(Data extracted from a collection)

%%

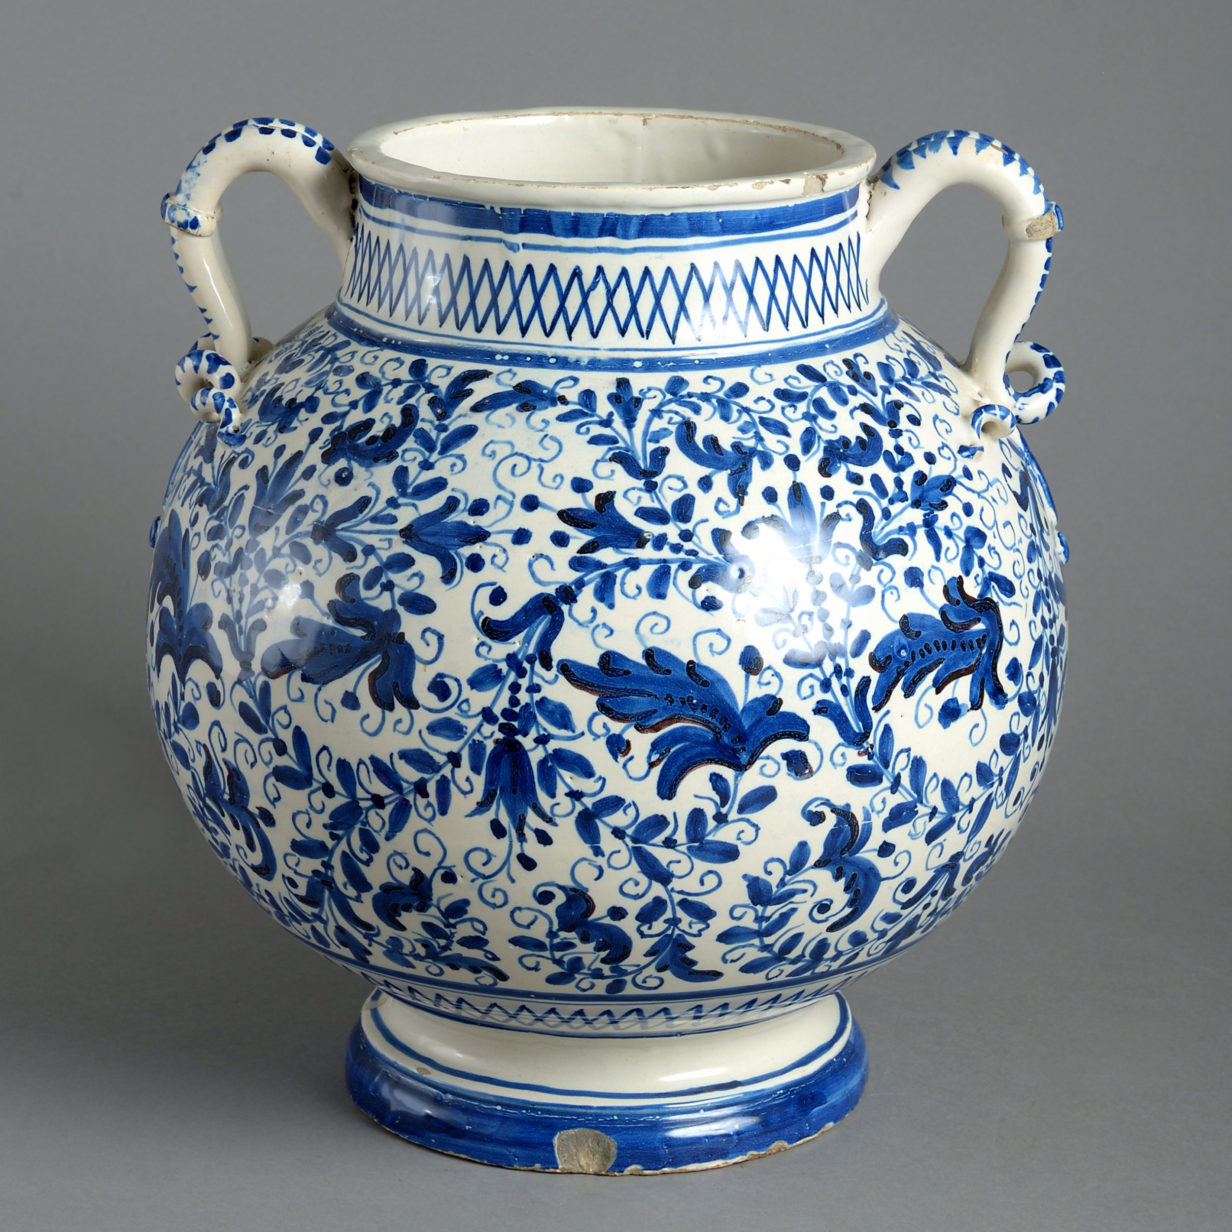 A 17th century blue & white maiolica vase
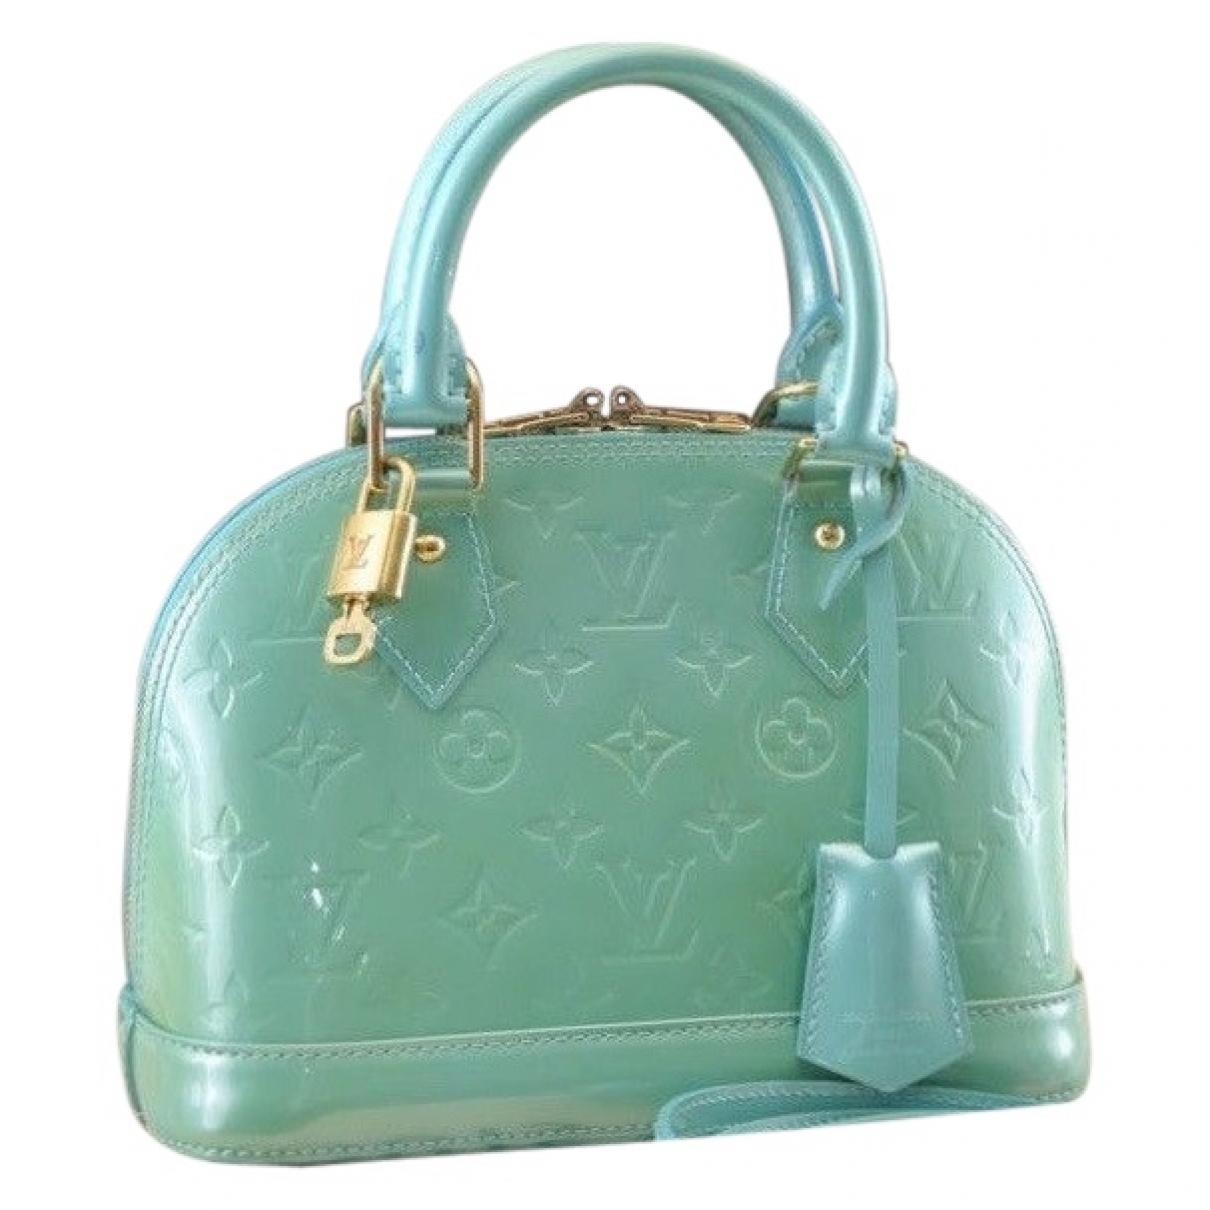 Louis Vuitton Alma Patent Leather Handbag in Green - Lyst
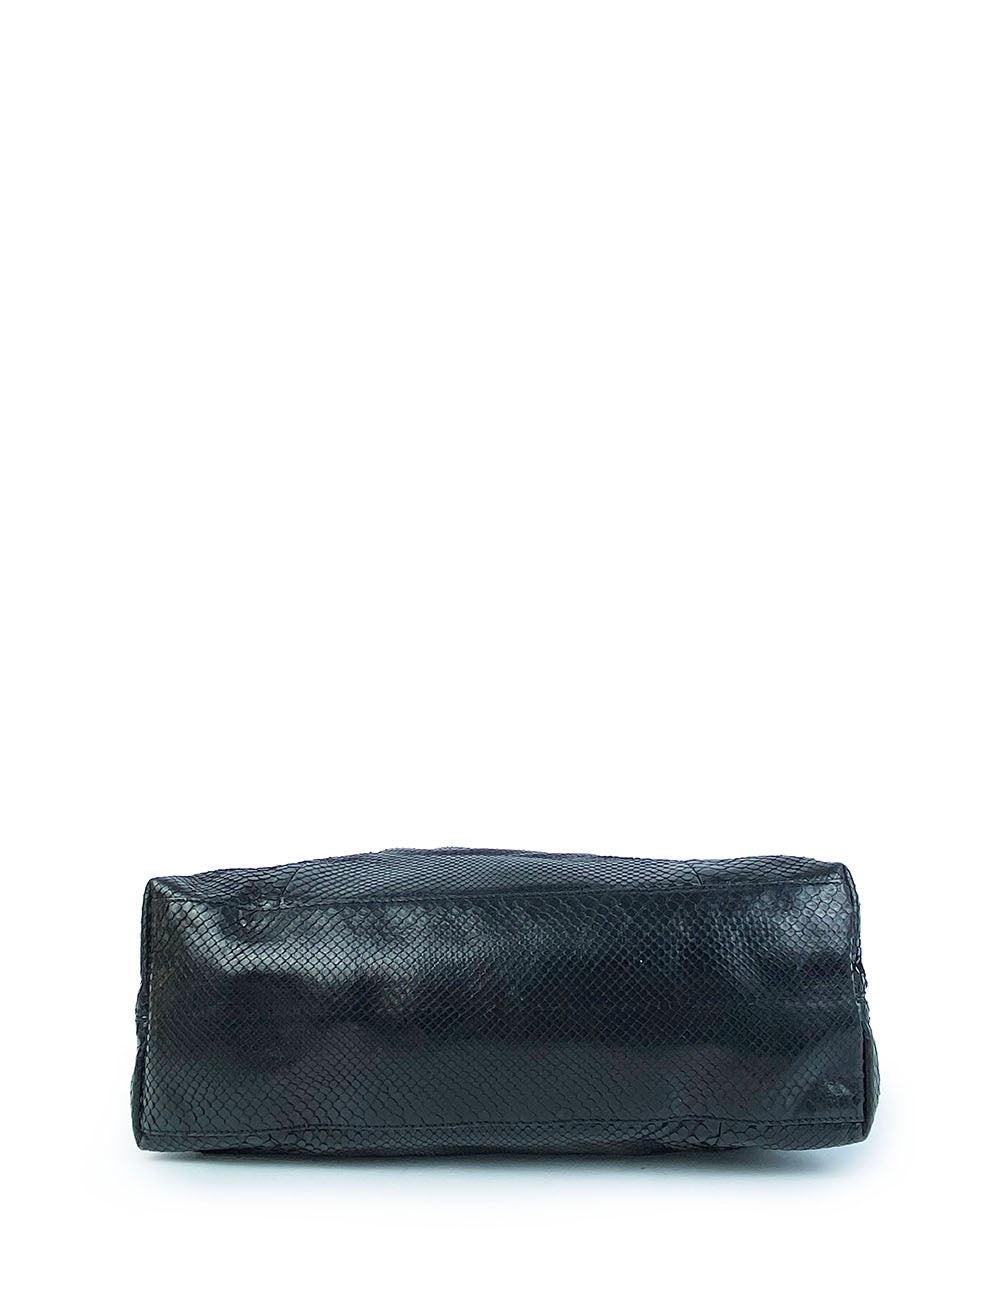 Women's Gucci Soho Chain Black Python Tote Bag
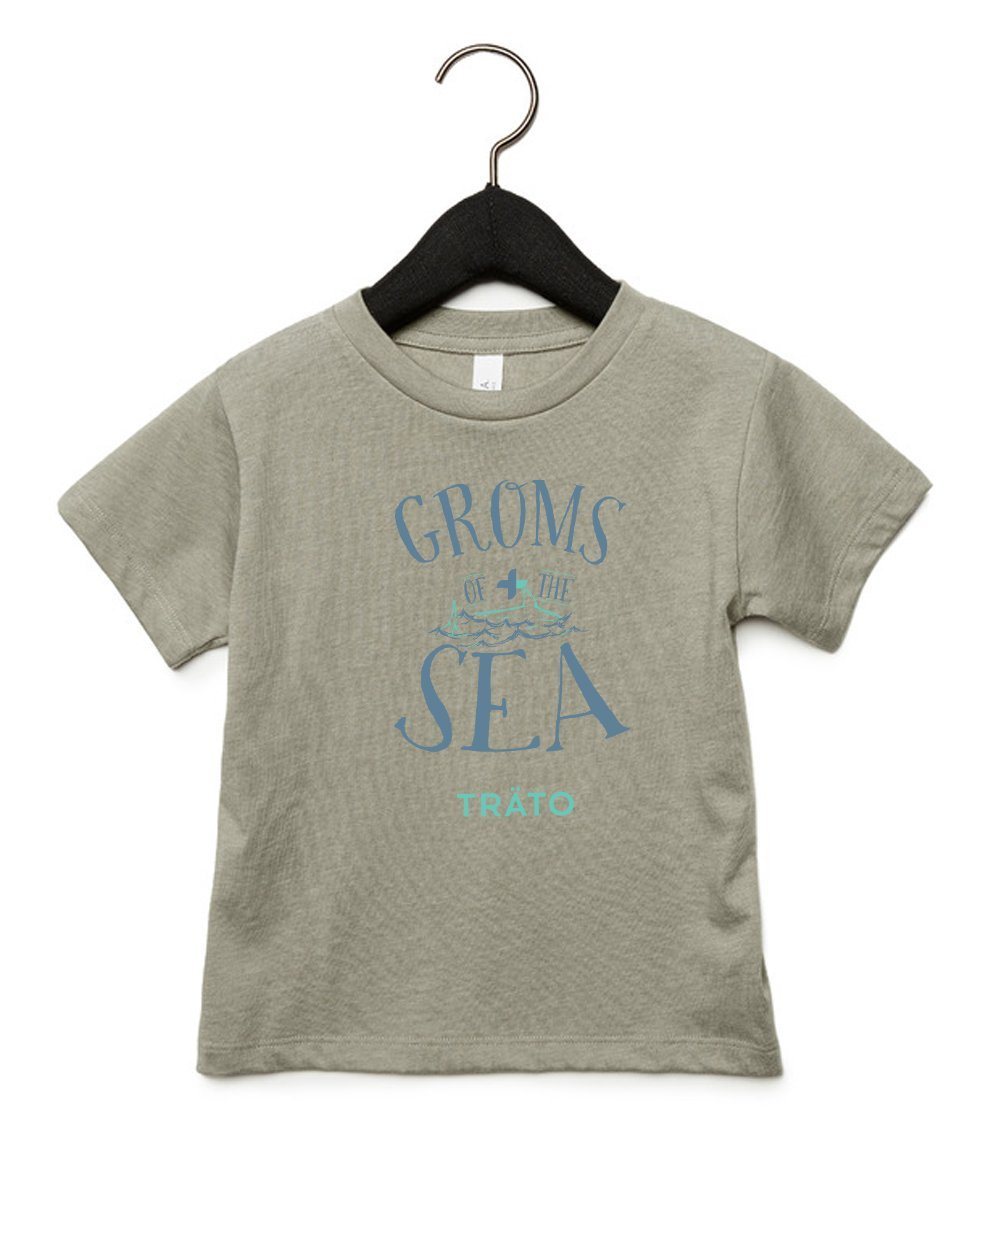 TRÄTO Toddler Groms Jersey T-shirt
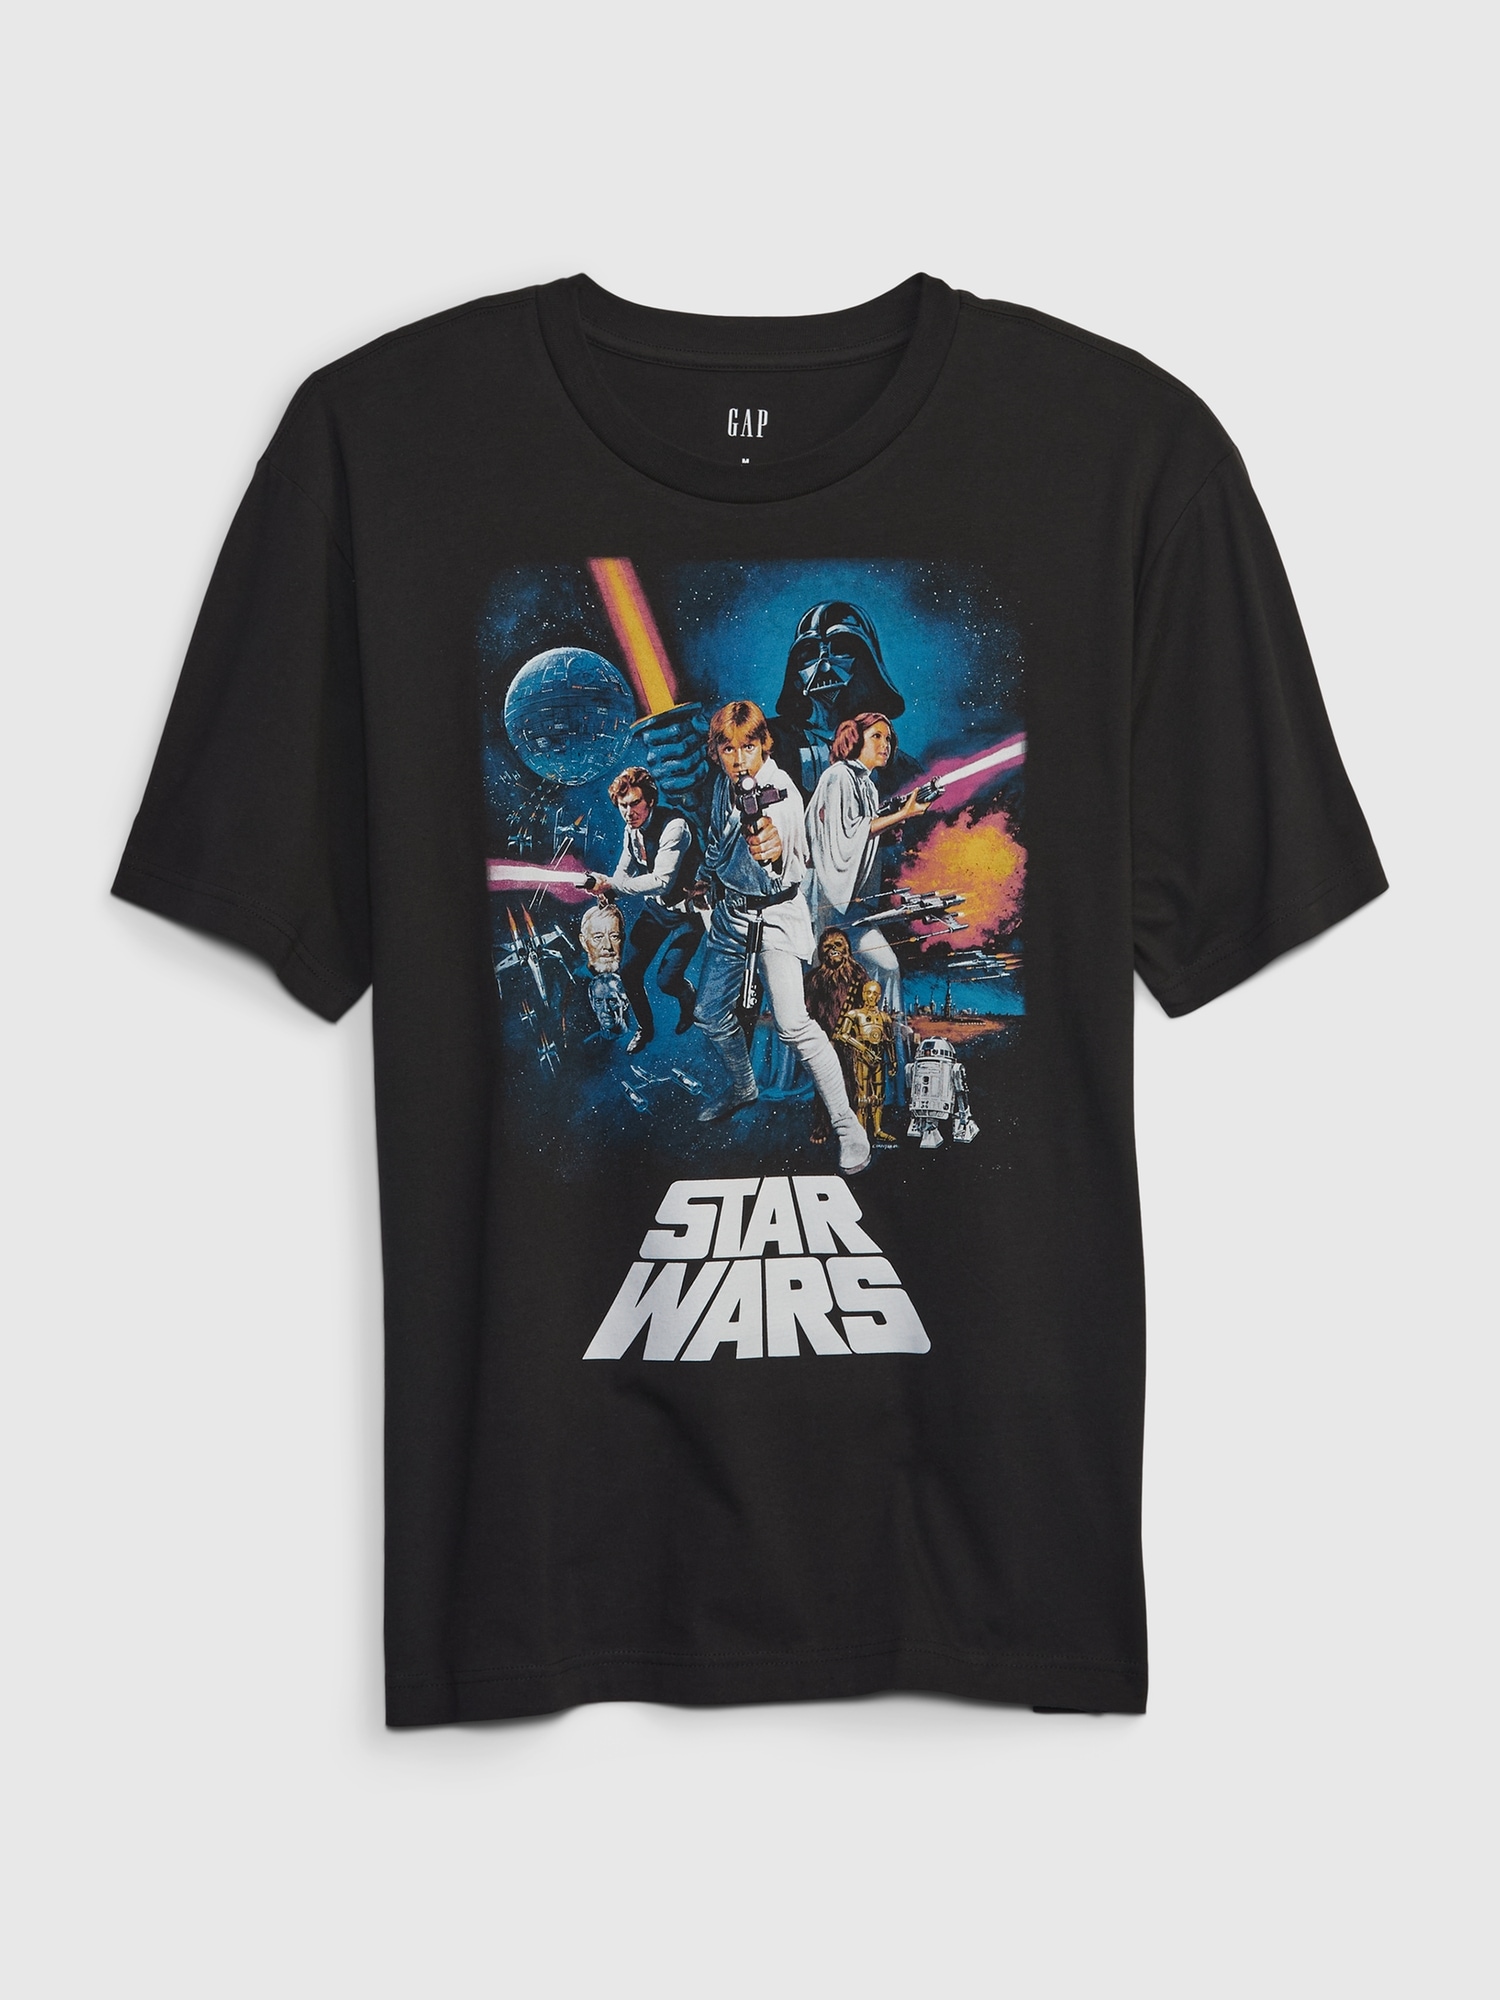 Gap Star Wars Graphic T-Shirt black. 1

%%

**THE TASK:**
Set down, exactly as written, each line from the one that contains "TRÄTO Toddler Groms Jersey T-shirt" to the last line of the records, but none of the pictures.

**THE ANSWER:**
 TRÄTO Toddler Groms Jersey T-shirt
 Gap Star Wars Graphic T-Shirt black. 1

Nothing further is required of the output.